We’re not talking about inflation going up from 2% to 5%. We’re talking more like 10% to 20%. Most pensions have an inflation cap of 2.5%, or if it’s deferred, 5%. If we have inflation of 10%, you’re wrecked. So you need some sort of insurance. And even if gold doesn’t go up in price but just stays where it is, that’s fine. You’re only using it as a hedge, or insurance policy.

Look at the unsustainability of government finances, not just in Britain but elsewhere. It’s not just the 100% debt-to-GDP ratios. When you add in the unfunded liabilities, you’re looking at liabilities of about 500% of GDP. There’s no way they can meet those. So some sort of default has to be part of the equation here. And default through inflation is effectively a default. Milton Friedman’s notion that “inflation is everywhere and always a monetary phenomenon” is right. So often, the reason for monetary debauchery is fiscal un-sustainability.

You are bearish on China. Why?

The biggest single predictor of economic collapse is credit growth, which is off the scale in China. The Chinese are doing what the Americans did in 2003-2005. They didn’t want a deep recession so they pumped it all back up again. There was massive credit growth and asset inflation. They thought they were in control and then they tapped the brakes and the economy collapsed.

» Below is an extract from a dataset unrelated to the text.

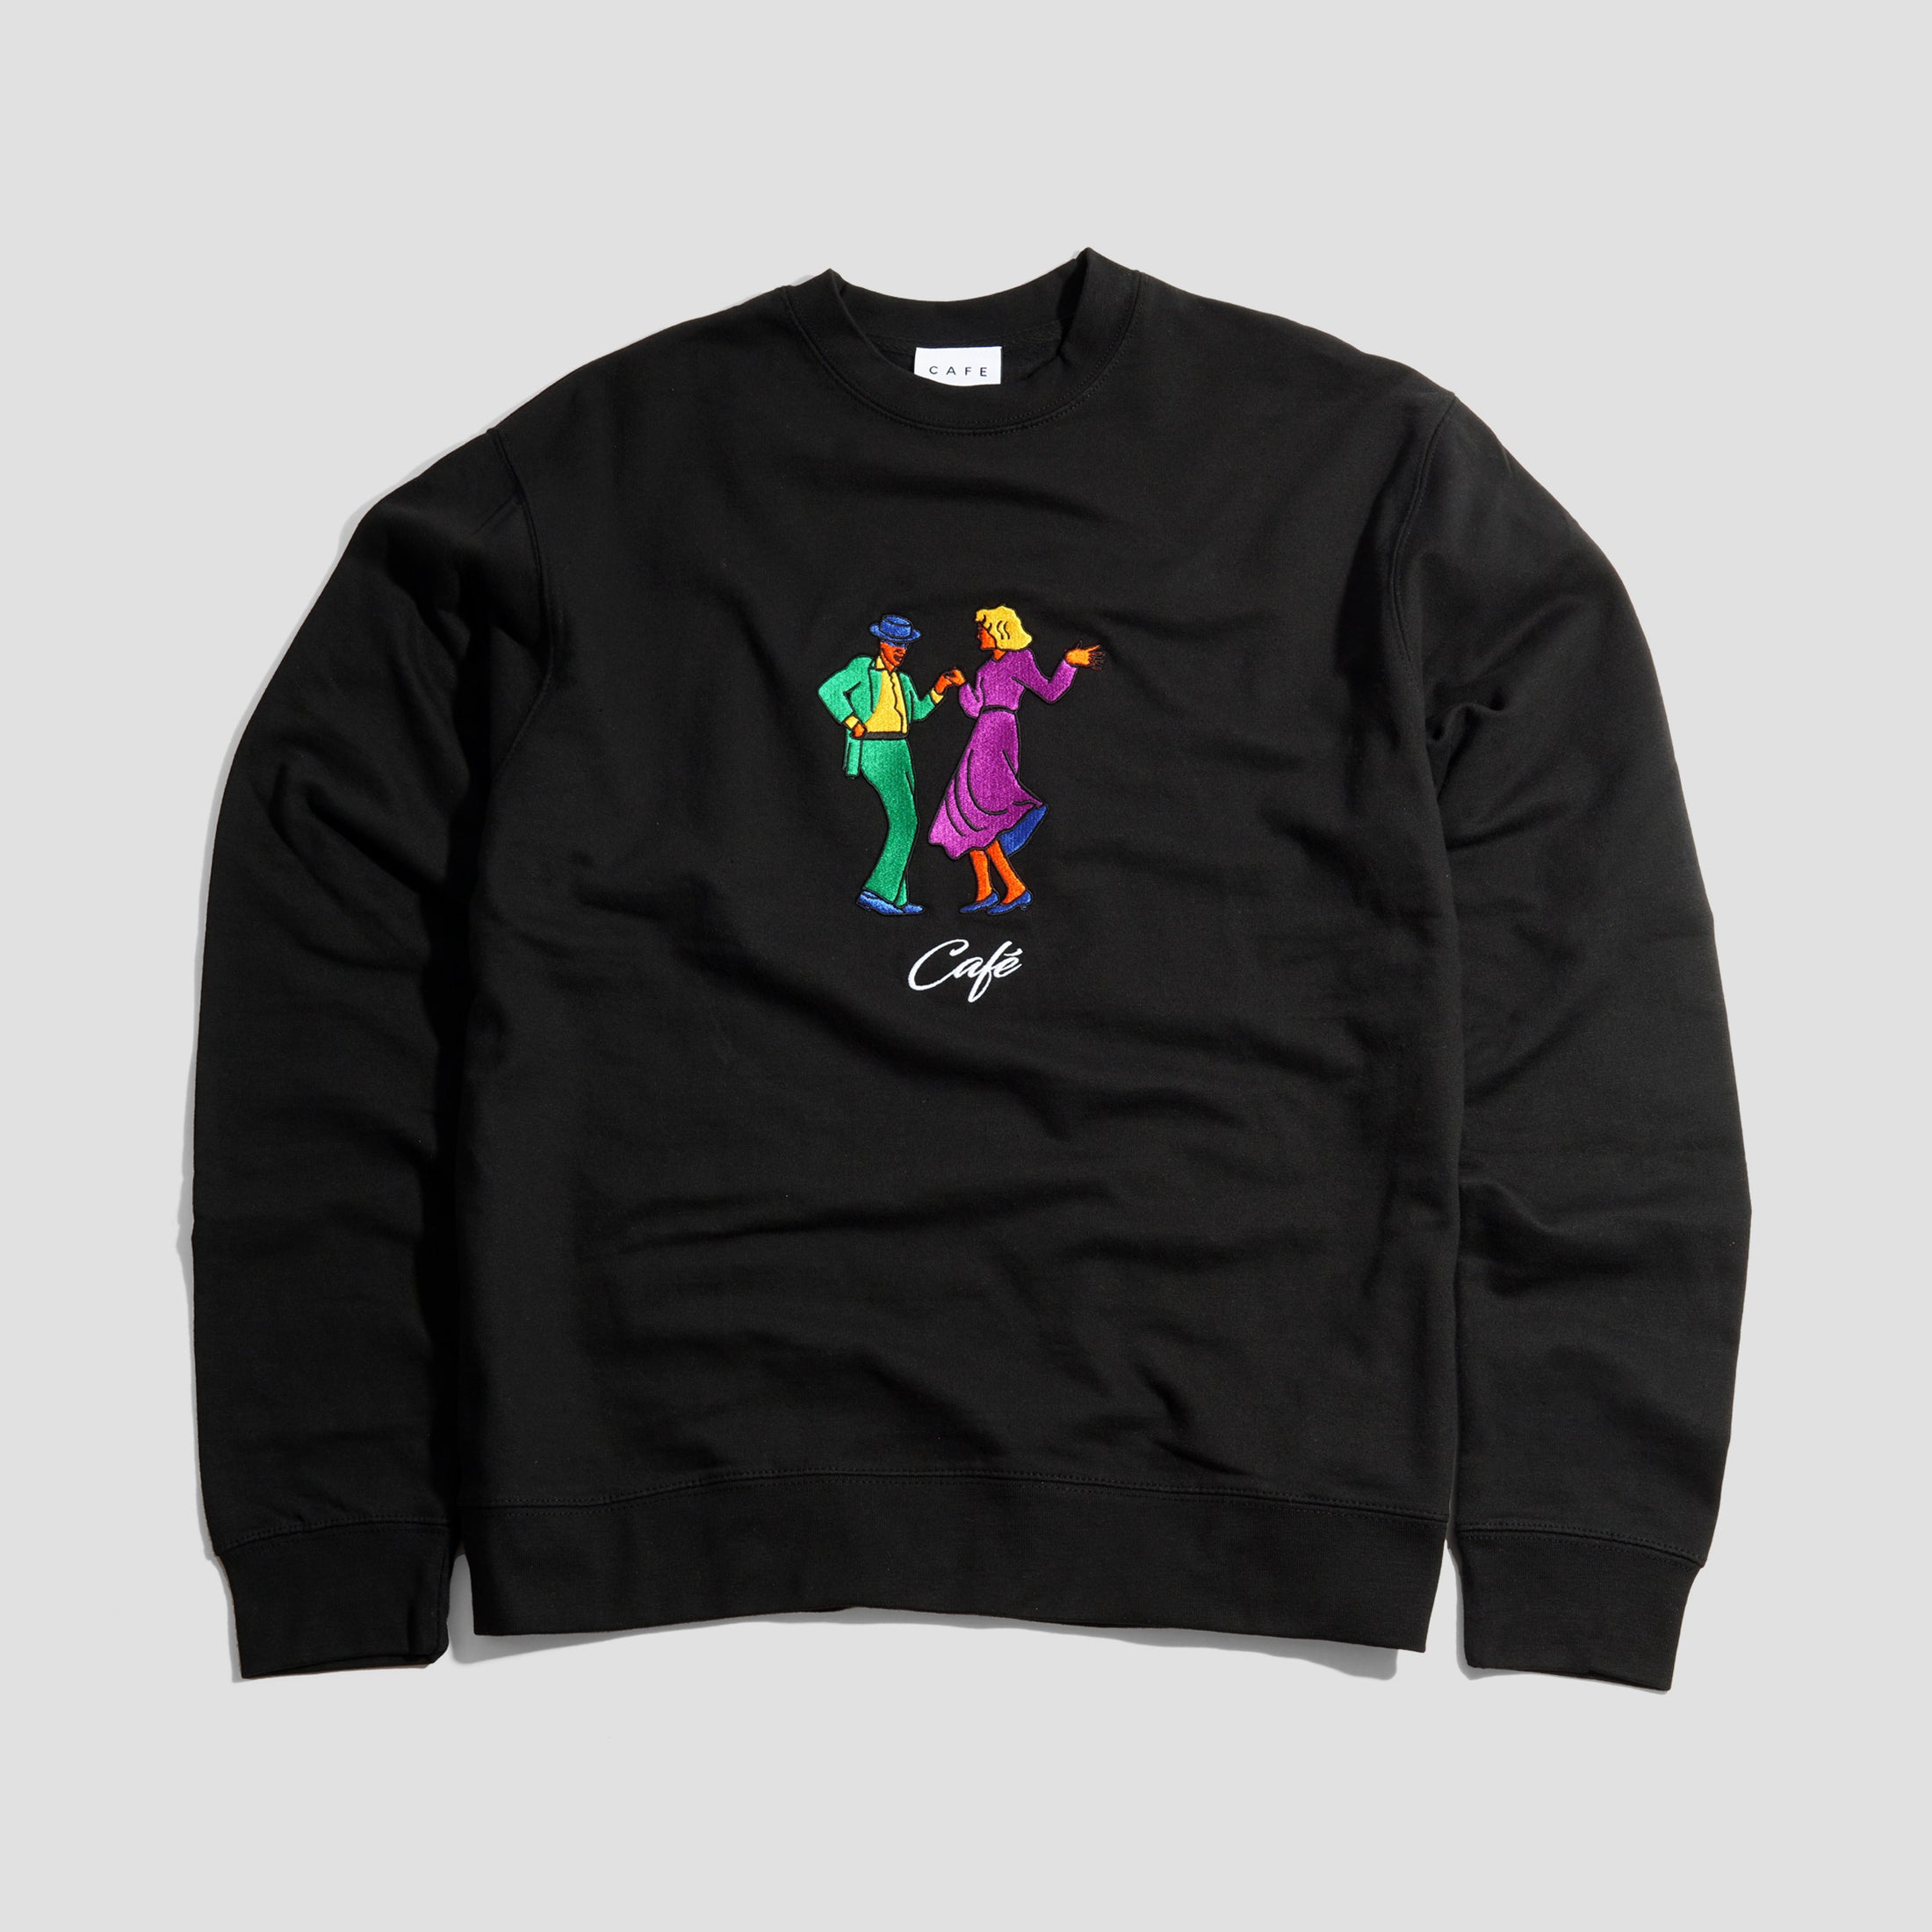 Skateboard Cafe Swing Embroidered Crew Black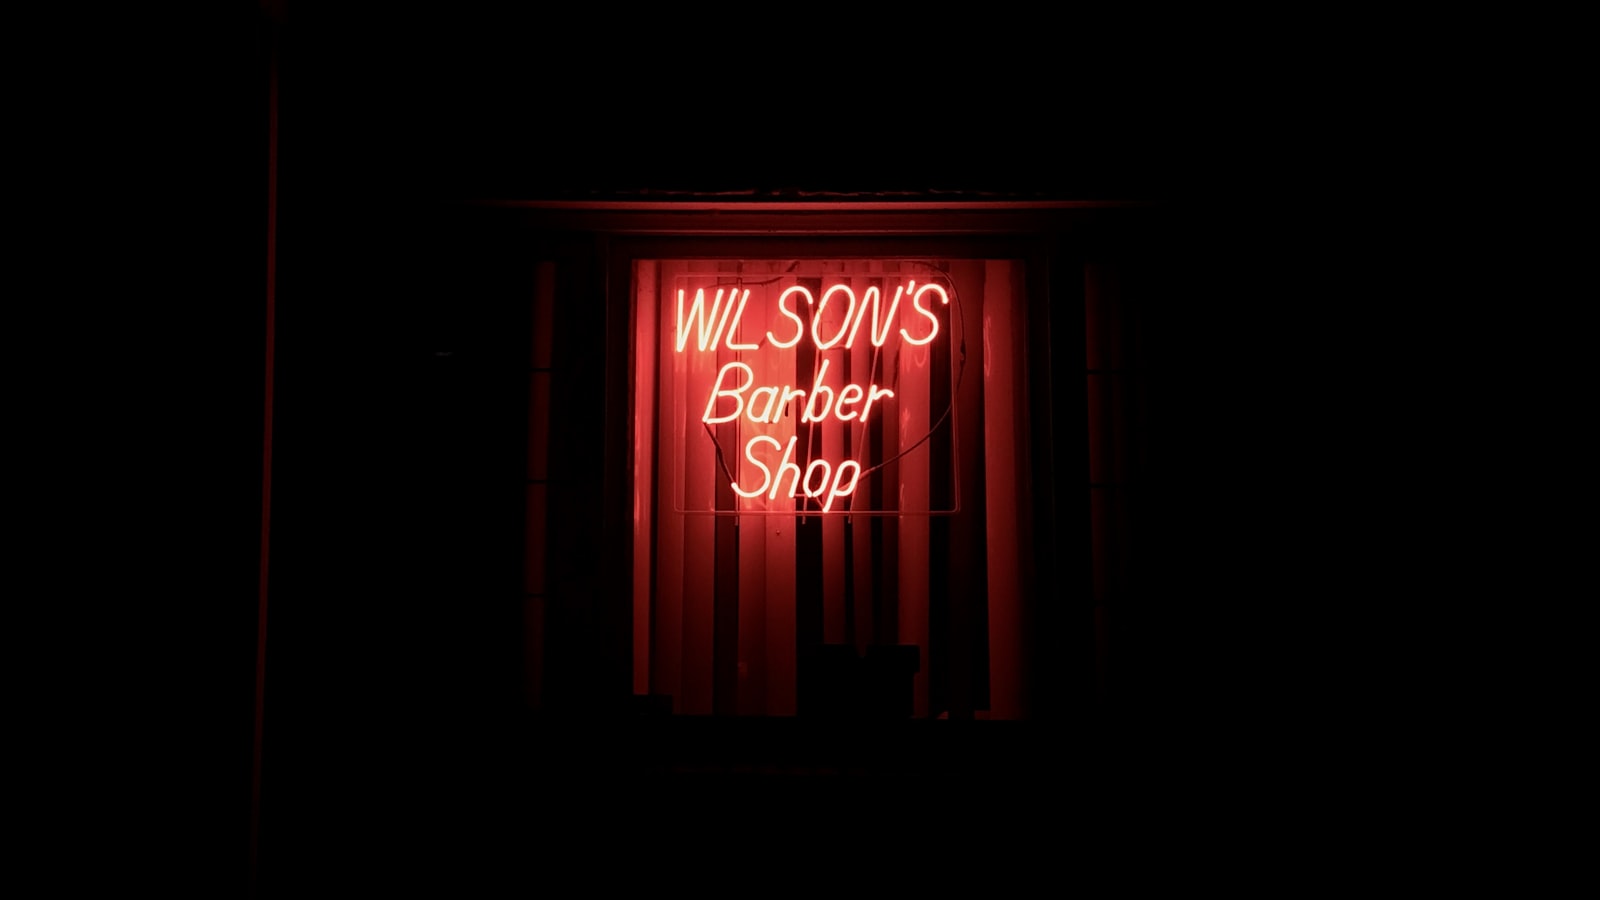 Apple iPhone 7 Plus + iPhone 7 Plus back iSight Duo camera 3.99mm f/1.8 sample photo. Wilson's barber shop lighted photography

So I’m worried about the economic collapse in China. But I’m more worried that the markets will be totally blindsided by it. People believe the growth story will carry on forever. But I think China is more cyclical than people expect. And often when you get these growth stories the problem is that people overpay for them. In effect, there is no connection between equity returns and whether the economy grows rapidly or not. Because people overpay for it.


Who is Albert Edwards?

An economics graduate from Bristol University and an economist at the Bank of England, Edwards has a history of going against the grain. He forecast the 1997-1998 Asian crisis in a January 1996 note; his castigation of Malaysia’s policies as ‘Noddynomics’ created political trouble for his then-employer, Dresdner Kleinwort. For over ten years, Edwards has been bearish on stocks. His argument is that most markets are in an ‘Ice Age’ of declining valuations. Edwards is regularly ranked as the top strategist in surveys. In 2007, Edwards became co-head of global strategy at Société Générale.